I ignored his request and entered the kitchen.  After dumping the spoiled juice down the sink I grabbed a spoon from the drawer and placed it in the freezer like I said I would. 

 

“Do you want coffee?” 

 

“Emma, stop being nice to me,” Gavin told me.  “The nicer you are, the worse I feel.  I think I preferred it when you were slapping me last night.”

 

I looked up from the container of Folgers I was scooping into the coffee filter.  “I’m sorry I hit you.”

 

“Don’t be.”  He moved to grab two coffee mugs from the cupboard above my head.  “I deserved it.”

 

“You did,” I agreed, “but I’m still sorry I hit you.”

 

I went to retrieve the newspaper from the front porch and met Gavin on the back patio.  This was our Sunday morning ritual and I guess we were starting it just as any other .  We’d have several cups of coffee out here while perusing through the paper; him reading the financial section of course and me reading local news and entertainment.
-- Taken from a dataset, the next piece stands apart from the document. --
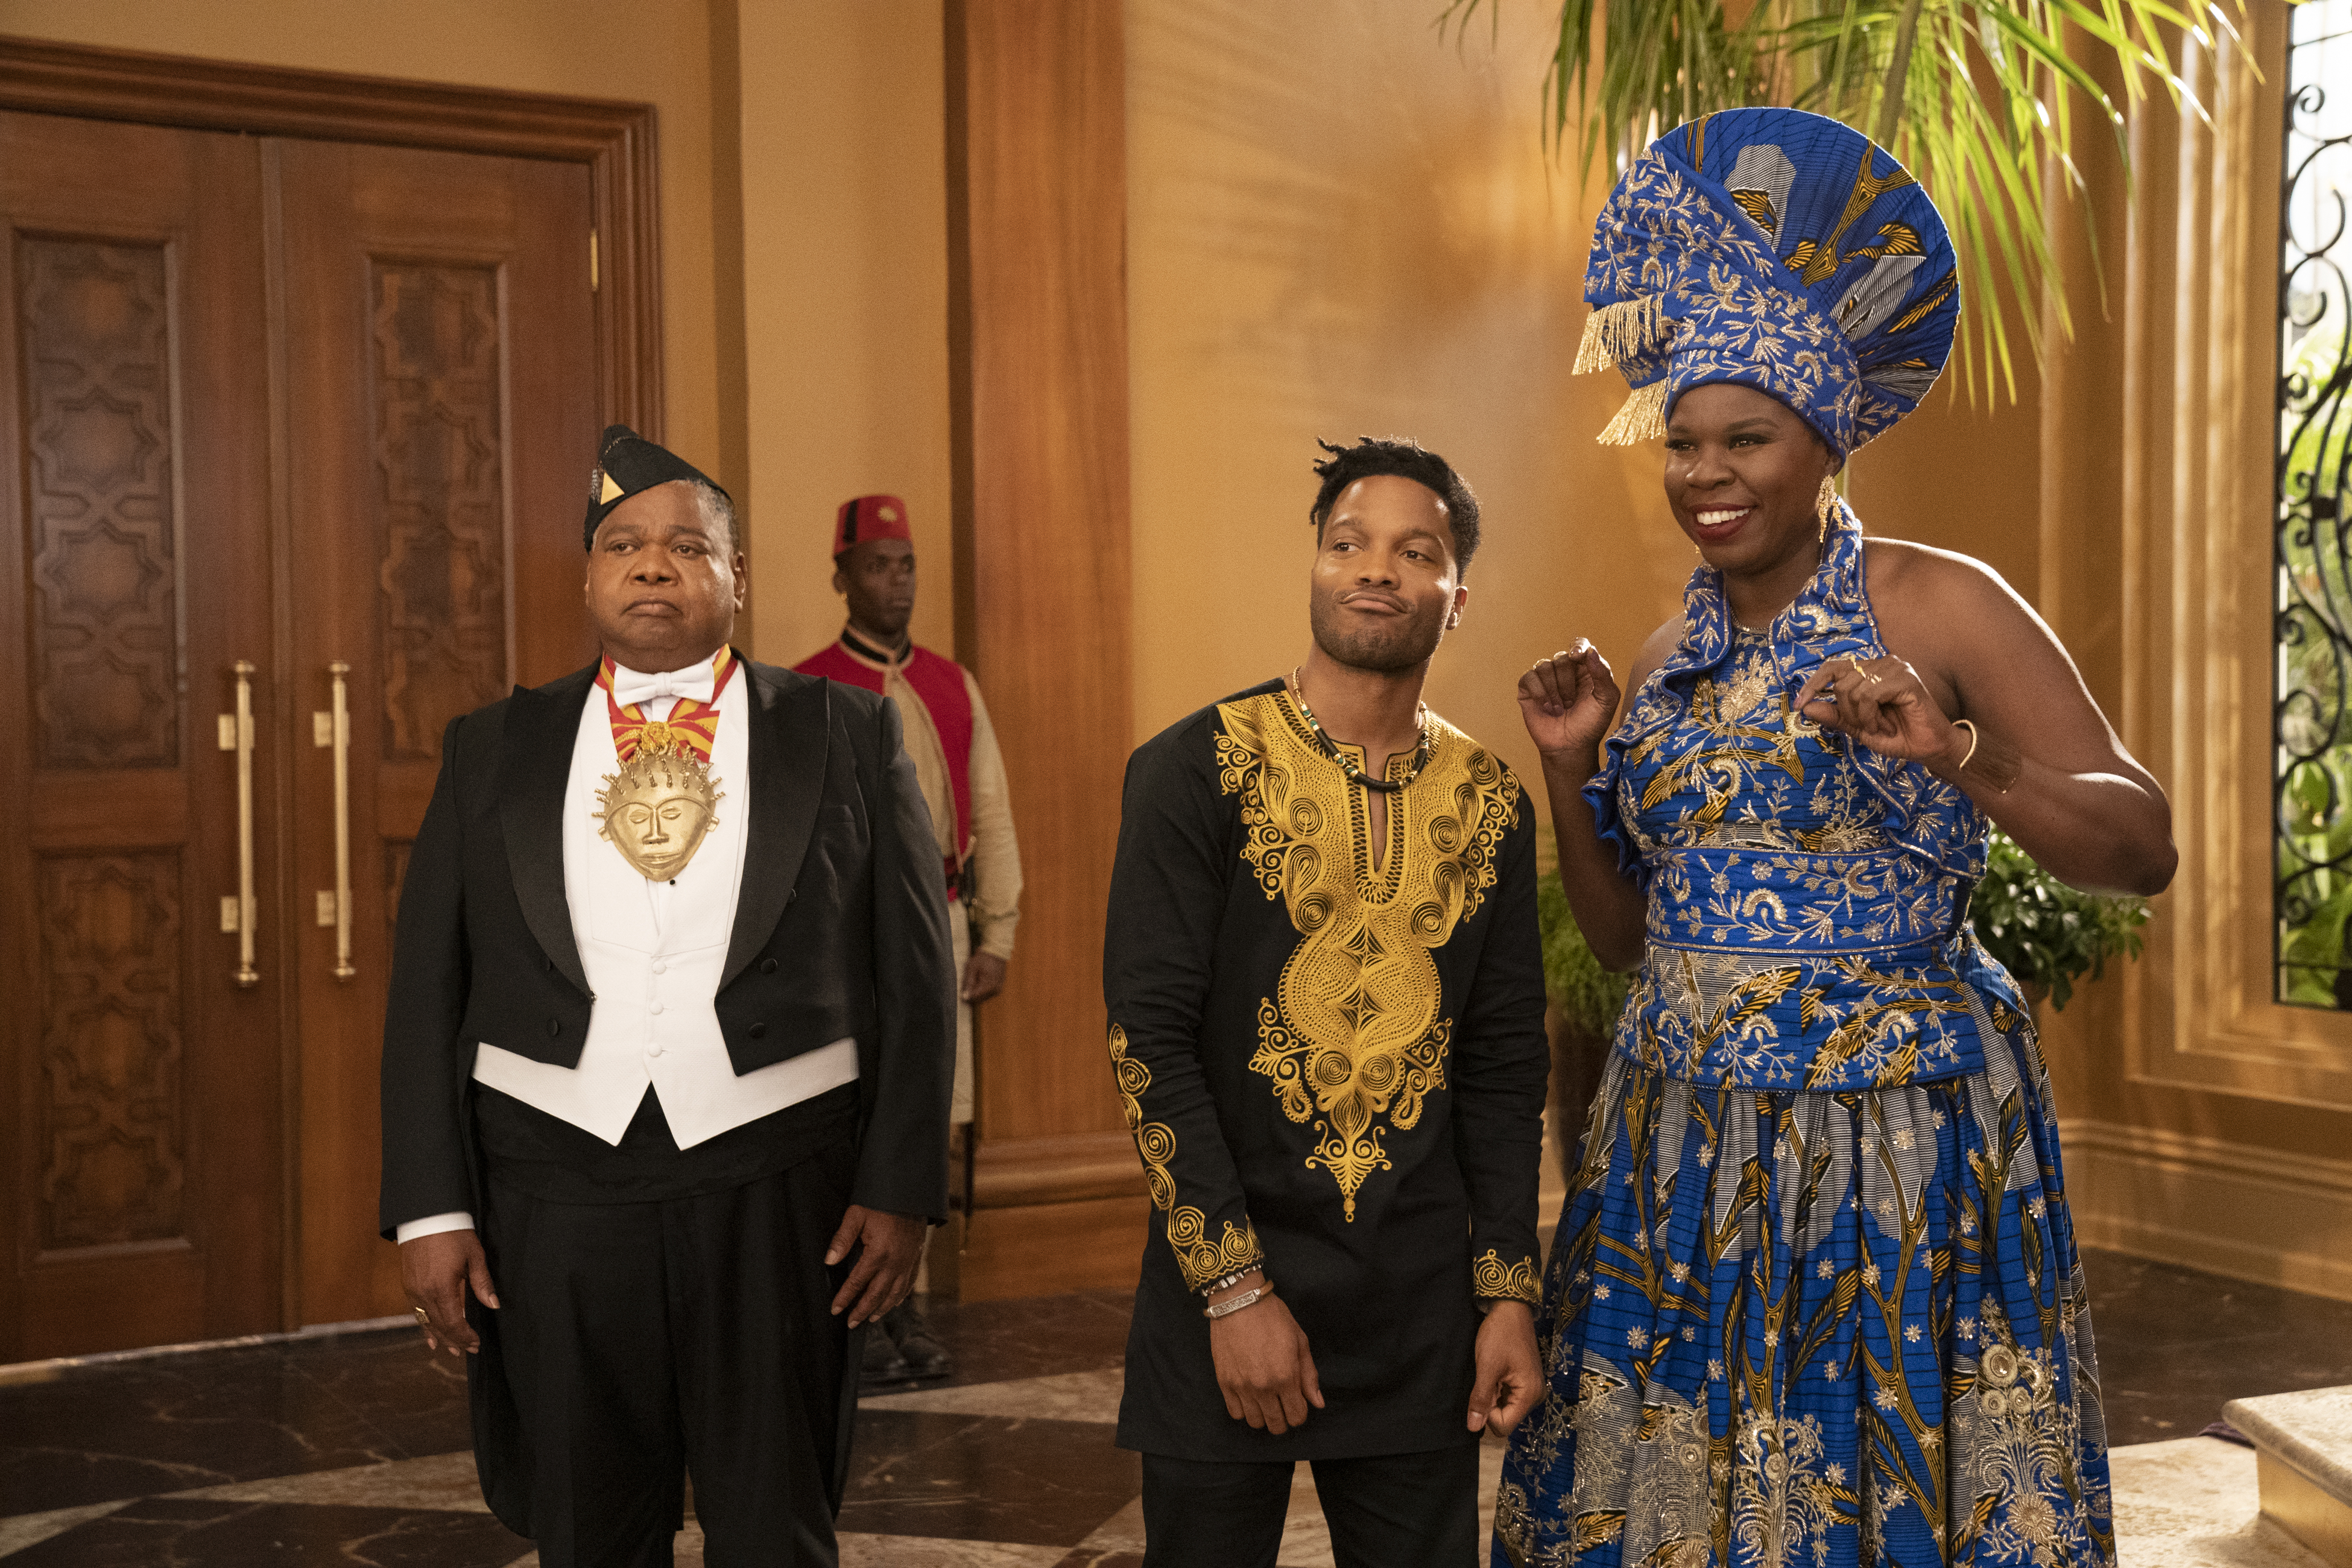 Watch The 2nd Trailler For 'Coming 2 America' Starring Eddie Murphy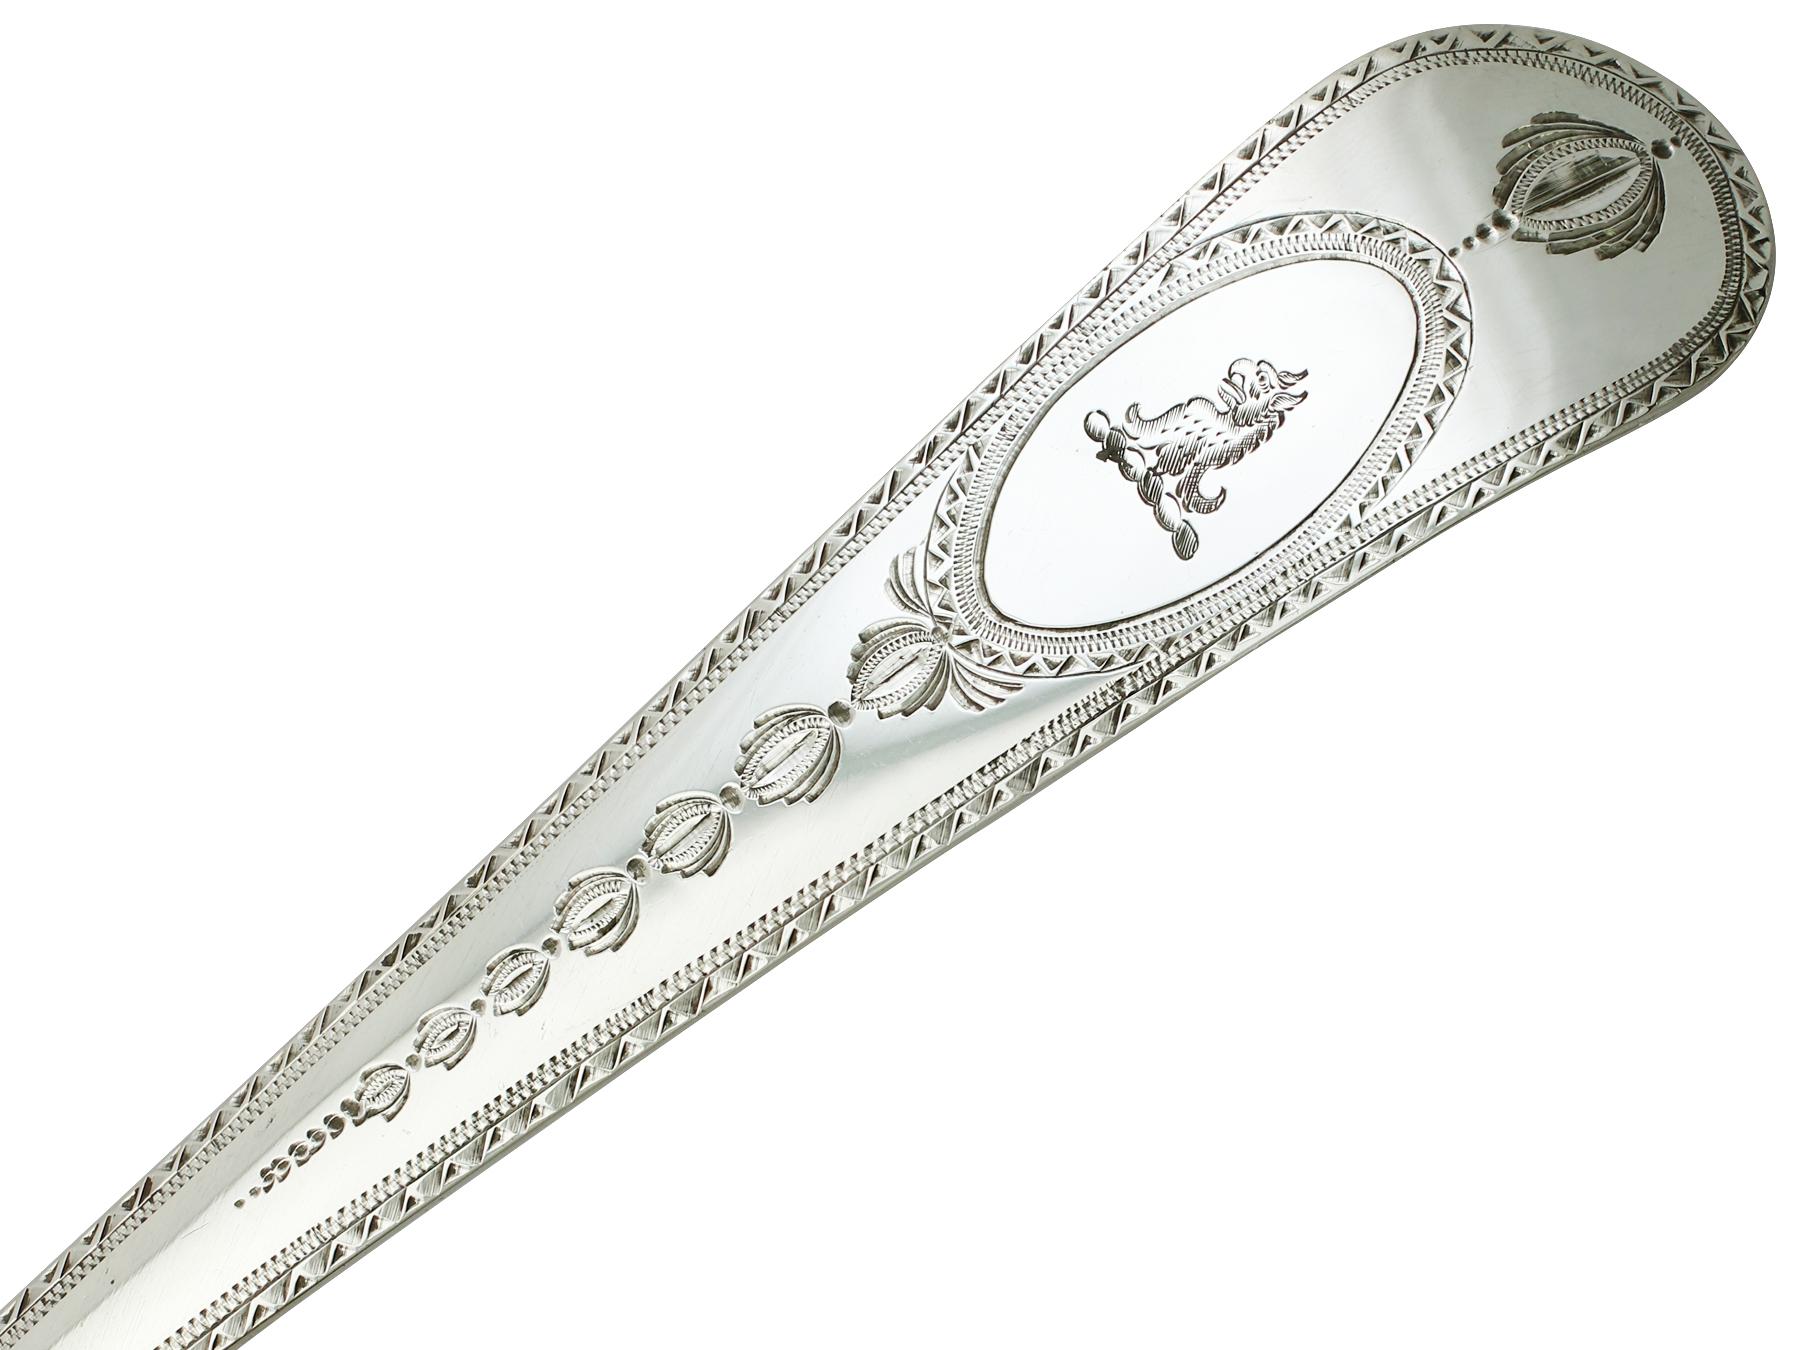 18th Century Georgian English Sterling Silver Soup Ladle by Hester Bateman 1

When we’d finish I’d do the crossword puzzle with his help and then we’d decide on what else we’d like to do that day.  Using the time on Sunday to relax was something else Gavin and I had discovered we’d had in common when we first met.  We’d both been raised to believe Sunday was a day of rest and about doing things that made you happy.  We’d go to the movies, or out on our boat, or just stay in and lounge around watching television or reading.  Once in awhile, we’d go to mass. 

 

Gavin had been baptized Catholic and every now and then he’d feel like going to church, more since his mother passed away last year.  I had been raised to believe in God but wasn’t brought up in any specific denomination, so I had no problem attending mass when Gavin wanted to.  I actually enjoyed going.  It was quiet and calming and I took comfort in the fact that there were no surprises in church.  Everything, with the exception of the priest’s sermon before communion, was the same every Sunday.

 

I sat with my coffee, looking through the black and white pages, but Gavin ignored the paper, just sipping his drink and staring out at the pool.  To be honest, I wasn’t really reading the paper.  I couldn’t concentrate enough on the words.  Instead my mind wandered to our problem at hand and what exactly had occurred in Denver last month.

 

First, I imagined him again with a faceless woman he just happened to meet in the hotel bar.  Did he buy her drinks?  Did she flirt shamelessly with him even though he wore a silver band around his left ring finger?  Maybe he took it off before she noticed and slipped it into his pocket.  Maybe it fell out of his pocket and he lost it and I’d just never noticed.  I quickly stole a glance at his left hand.  No, he didn’t lose his ring.  It was still there, snug around his third finger. 

 

Back in my imagination, the woman leaned over to whisper in my husband’s ear that she’d love for him to go up to her room with her.  The Gavin in my head hesitated first but then dropped money on the bar and followed her. 

 

I pictured them slightly drunk and tumbling in the hall of the hotel until they reached her room.  Once inside they fumbled with clothing and she pulled out a condom.  Wait, had he even used a condom?  Please, dear God, tell me they used a condom. 

 

And then I pictured them having sex, my husband and the faceless woman.  Was he on top?  Was she?  Did she scream his name when she came, like I did?  Did he moan hers when he did?  Her name.  What was her name?  Something slutty, I was sure, like Kimber or Candy.  Then I realized my version of this had him with a stranger.  She could very well be someone I know. 

 

Was it his secretary?  She was older than I was but attractive enough with dark hair and dark skin.  She was married but that obviously wouldn’t have mattered to Gavin.  There was another girl that also worked with him.  Jennifer or Jessica or something like that.  She was young and fairly attractive with short blonde hair and a boyish figure.

 

What if it wasn’t someone from work, but someone from our circle of friends?  Was it possible that he planned something with someone we knew from around here and she flew out to Denver with him?  Was this whole thing premeditated?  Could he have screwed around with someone I considered a friend?

 

My head was spinning and finally when I’d had enough I shoved the paper away from me and grunted loudly in frustration.  Gavin jumped next to me, startled by my sudden outburst.

 

“Okay,” I said.  “It’s time for you to talk.  You’ve got to tell me what happened before I go insane.”

 

Gavin folded his hands on the table in front of him and studied them.  After a beat, he nodded.

 

“Before you start though I need to be really clear on a few things.”  I was scared to death but my voice sounded sure and steady and I was proud of myself.  “One, you better be honest with me right now, or so help me Gavin, if I find out anything you tell me is a lie I will leave this house and the next time you’ll see me is when we’re signing our divorce papers.”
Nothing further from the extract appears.